When you perform shifting, the byte value -1 is promoted to the int value -1. That's 11111111 11111111 11111111 11111111 bin.
Shifting it right one place with the arithmetic right shift operator, (-1) >> 1 gives you 11111111 11111111 11111111 11111111 again, because the >> operator on a negative number moves the bits to the right and fills in the left with ones instead of zeroes.
Then, since you're using >>=, the result is cast back to a byte to be stored in b. That only retains the last 8 bits, which are 11111111.
Alternatively, if you used the logical right shift operator, (-1) >>> 1 would give you 01111111 11111111 11111111 11111111 in binary (a zero followed by 31 ones). Since the last 8 bits are the same, this would still give you 11111111 when it is cast back to a byte.

Unsigned Shift Operation in Java

Could anybody tells me how can this Operations results "sar" a negative number?

data[0] is promoted to int before the shift operator is applied.
Therefore, if for example, data[0] is -128,
you are applying the shift on the int -128, whose binary representation is :
11111111 11111111 11111111 10000000
This results in
00000011 11111111 11111111 11111110
And after you cast that back to byte, you end up with a negative number
11111110 (-2)
If you want to ignore the 1 bits that were added as a result of the int promotion, you can write :
byte sar = (byte) ((data[0]&0xff)>>>6);
This will result in 2 (when data[0] is -128).

Weird behaviour of bit-shifting with byte in Java

As I was using bit-shifting on byte, I notice I was getting weird results when using unsigned right shift (>>>).
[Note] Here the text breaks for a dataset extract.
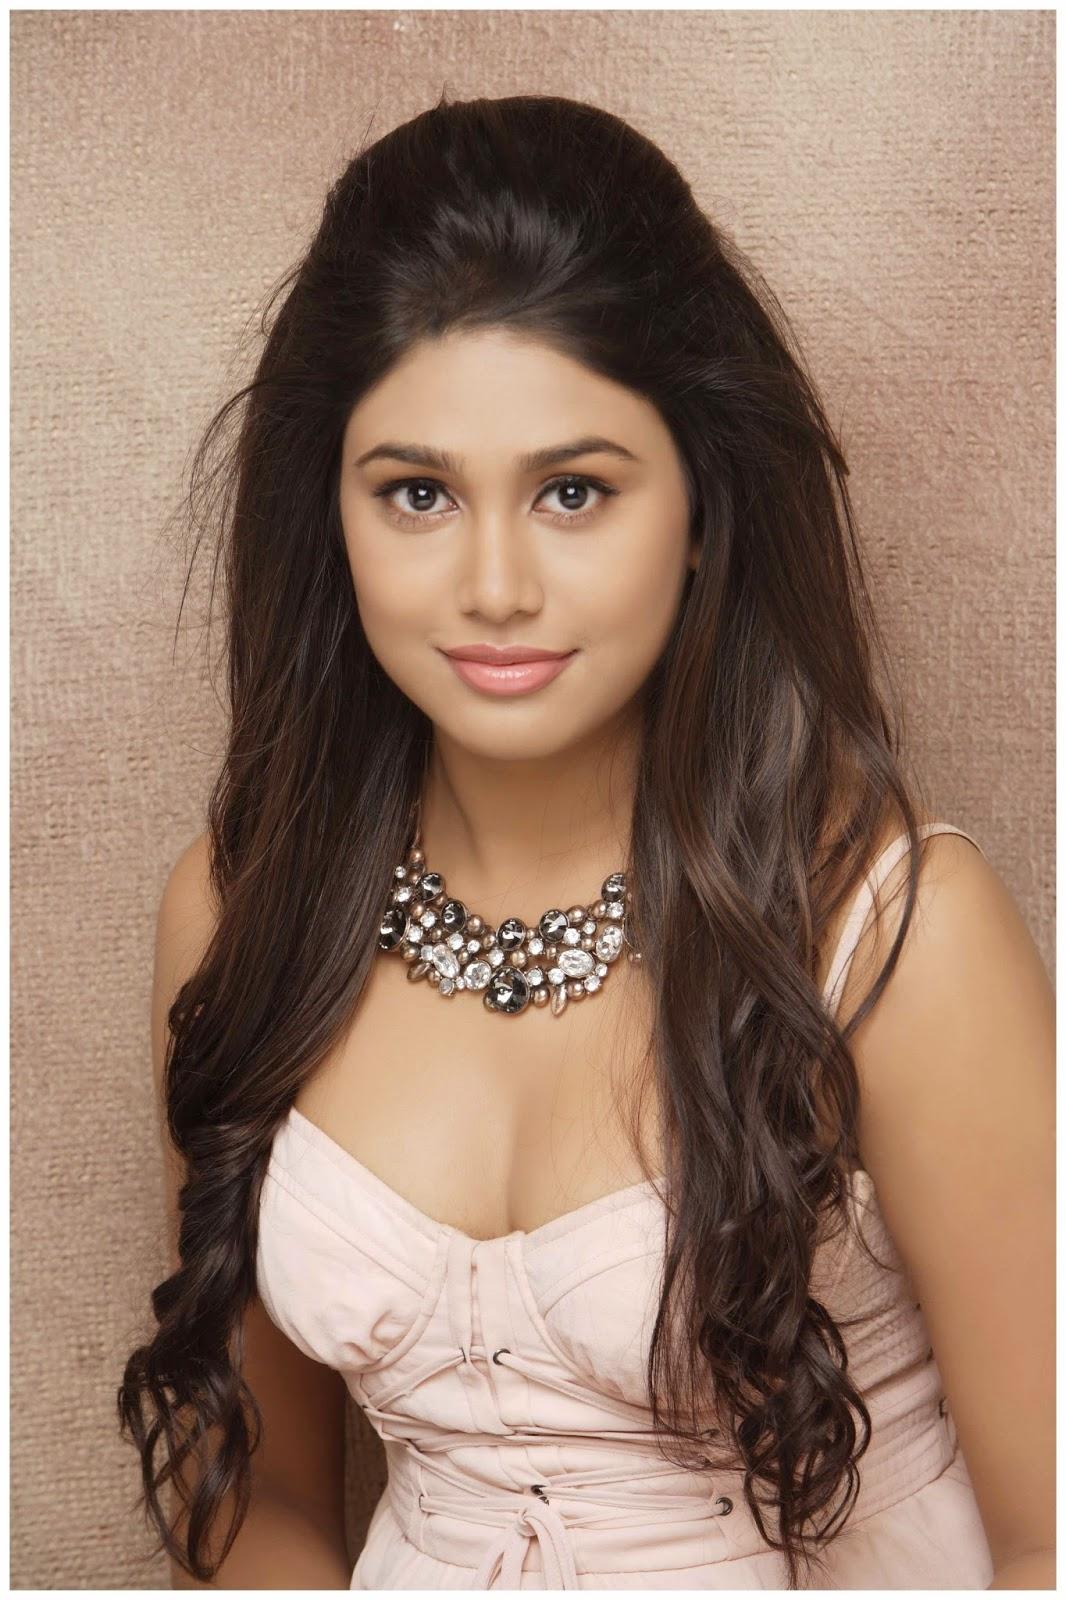 manisha-yadav-hot-photoshoot-stills-24
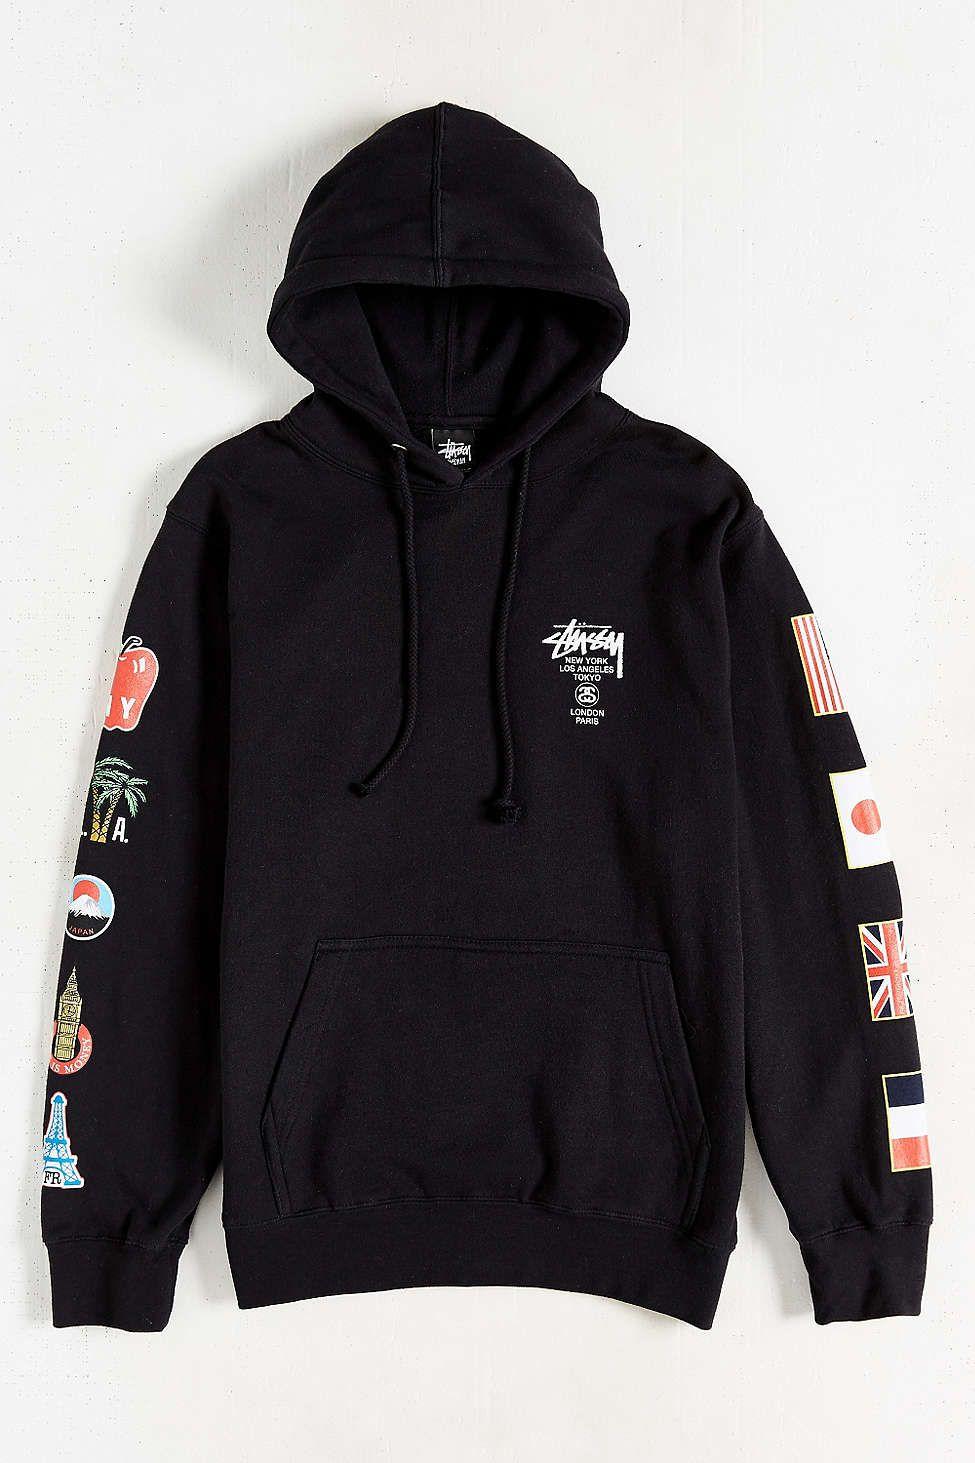 2fb2721c4607 Stussy World Tour Flags Pullover Hoodie Sweatshirt

With int, both right shift (signed:>> and unsigned:>>>) behave as expected:
int min1 = Integer.MIN_VALUE>>31; //min1 = -1
int min2 = Integer.MIN_VALUE>>>31; //min2 = 1
But when I do the same with byte, strange things happen with unsigned right shift:
byte b1 = Byte.MIN_VALUE; //b1 = -128
b1 >>= 7; //b1 = -1
byte b2 = Byte.MIN_VALUE; //b2 = -128
b2 >>>= 7; //b2 = -1; NOT 1!
b2 >>>= 8; //b2 = -1; NOT 0!
I figured that it could be that the compiler is converting the byte to int internally, but does not seem quite sufficient to explain that behaviour.
Why is bit-shifting behaving that way with byte in Java?

This happens exactly because byte is promoted to int prior performing bitwise operations. int -128 is presented as:
11111111 11111111 11111111 10000000
Thus, shifting right to 7 or 8 bits still leaves 7-th bit 1, so result is narrowed to negative byte value.
Compare:
System.out.println((byte) (b >>> 7)); // -1
System.out.println((byte) ((b & 0xFF) >>> 7)); // 1
By b & 0xFF, all highest bits are cleared prior shift, so result is produced as expected.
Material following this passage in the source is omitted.